Fear and anger can be helpful if we are fighting or facing severe physical challenges. Fear puts us in a state of high alert, and anger gives us energy to fight our enemies, but in a civilized society, excessive fear and anger generally backfire and cause a lot of problems.
Fear and anger are helpful and adaptive at times, but they can also be highly destructive. According to Dr. David Hanscom, “Anxiety is the sensation you feel when you sense real or perceived danger, and anger represents a more intense reaction when you can’t solve the threat. These are hard-wired responses that are present in every living creature, and they help us sustain life. The only way to lower them is to decrease your levels of stress hormones, inflammatory markers, and metabolism (rate of fuel consumption). You cannot reason with or control the fight or flight response. It is as effective as talking to the hard drive of your computer – can’t work.”
When anger gets out of control, it is destructive. The higher cortical (thinking) areas of the brain go largely offline, and higher-order thinking shuts down. Simply put, we become less intelligent when we are angry.
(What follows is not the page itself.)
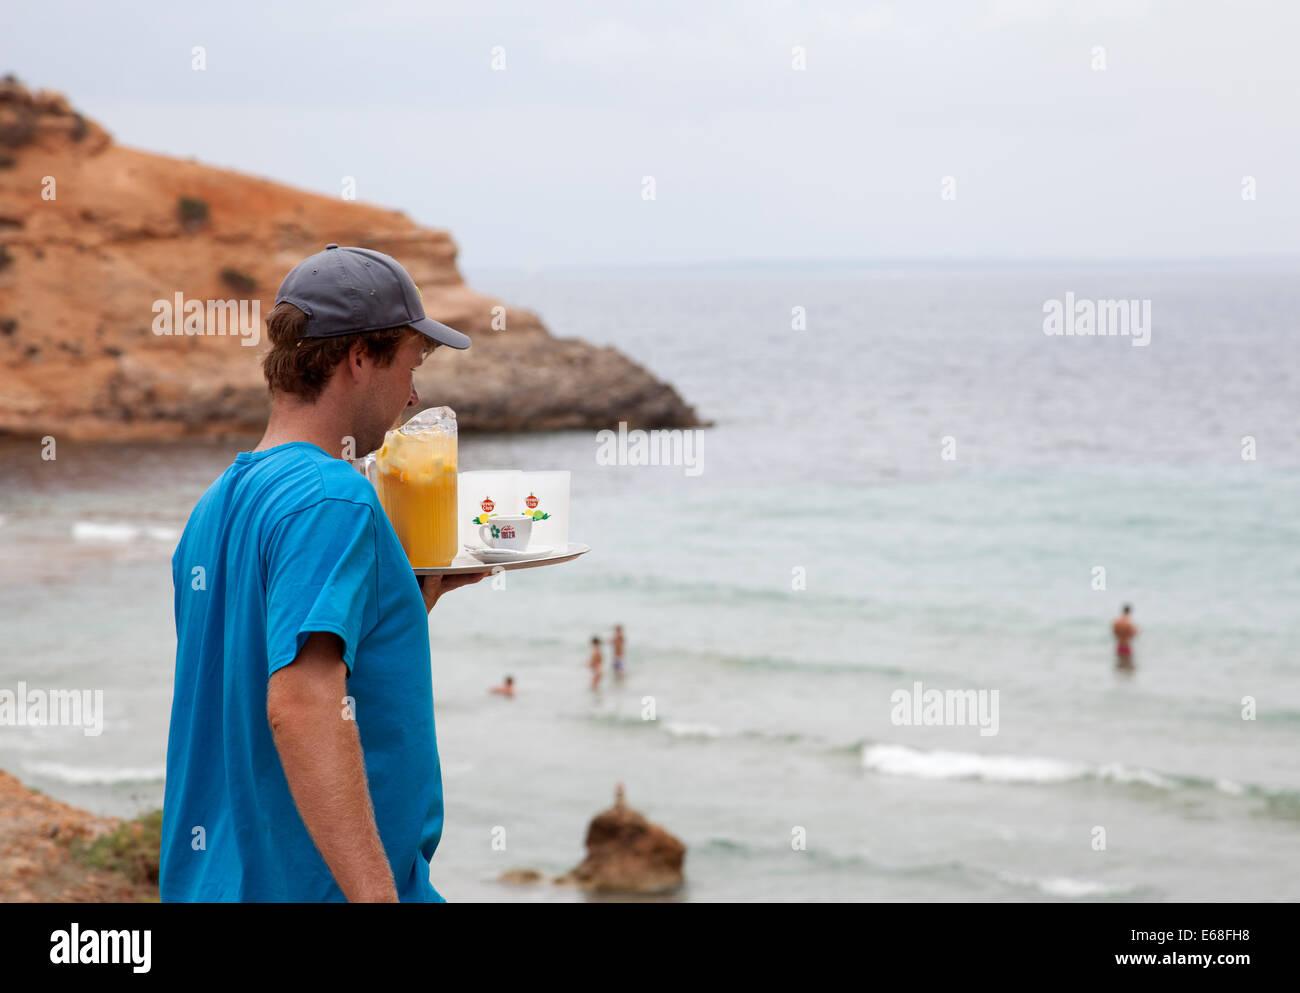 Waiter Taking Jug of Drinks onto Sa Caleta Beach in Ibiza - Stock Image
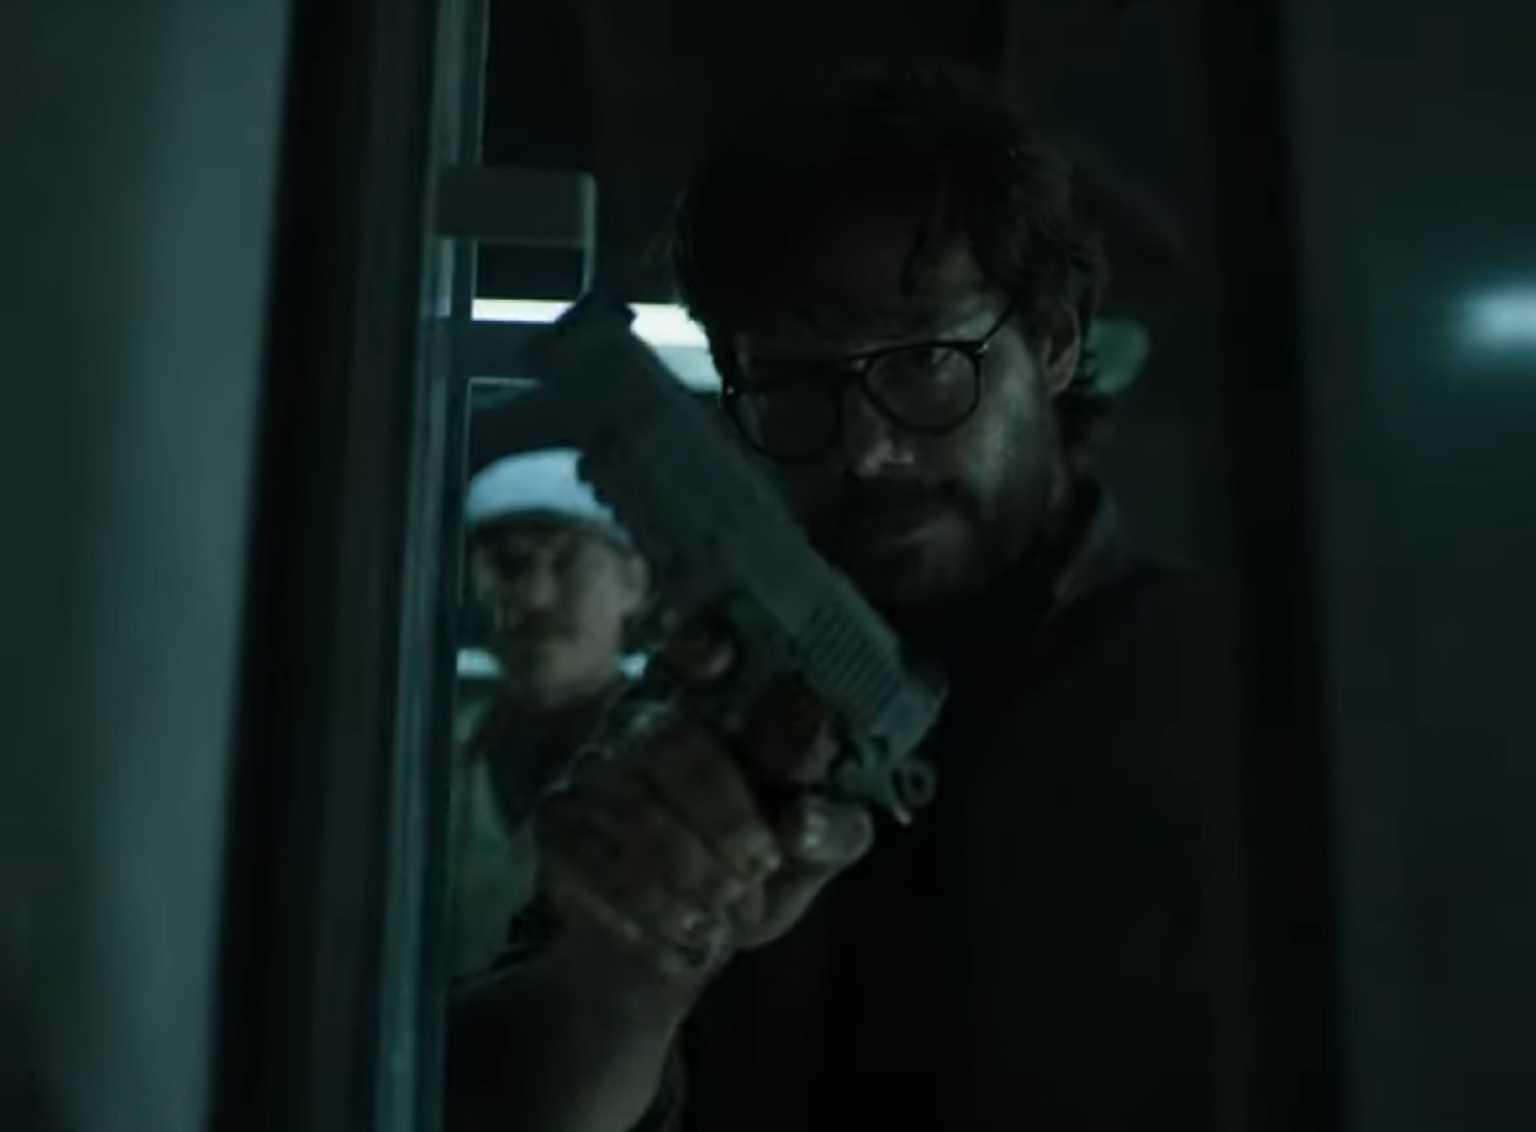 La Casa De Papel: Κυκλοφόρησε το trailer για το μεγάλο φινάλε της σειράς

This happens because the primitive survival part of the brain instinctively takes over. When the survival brain goes into high gear to protect us, it consumes most of the available glucose in the brain. The higher cognitive structures in the brain have less energy, making the person less capable of rational thought. The person enters a self-consumed state in which they are far less incapable of seeing other people's needs and opinions. And in a modern society, thinking and working with people who disagree with us is vital to our growth and restoration.
Mastering Anger
Hidden Anger In Perfection
Perfectionism
There is an interesting relationship between anger and perfectionism. When you have high and very rigid expectations for yourself or for others, you set yourself up to be disappointed. We are all flawed and life is imperfect. This is not to excuse mediocracy; it’s just the way things are, and when you can accept this, it makes life much easier. Be a recovering perfectionist, hold to your standards but learn to tolerate imperfection.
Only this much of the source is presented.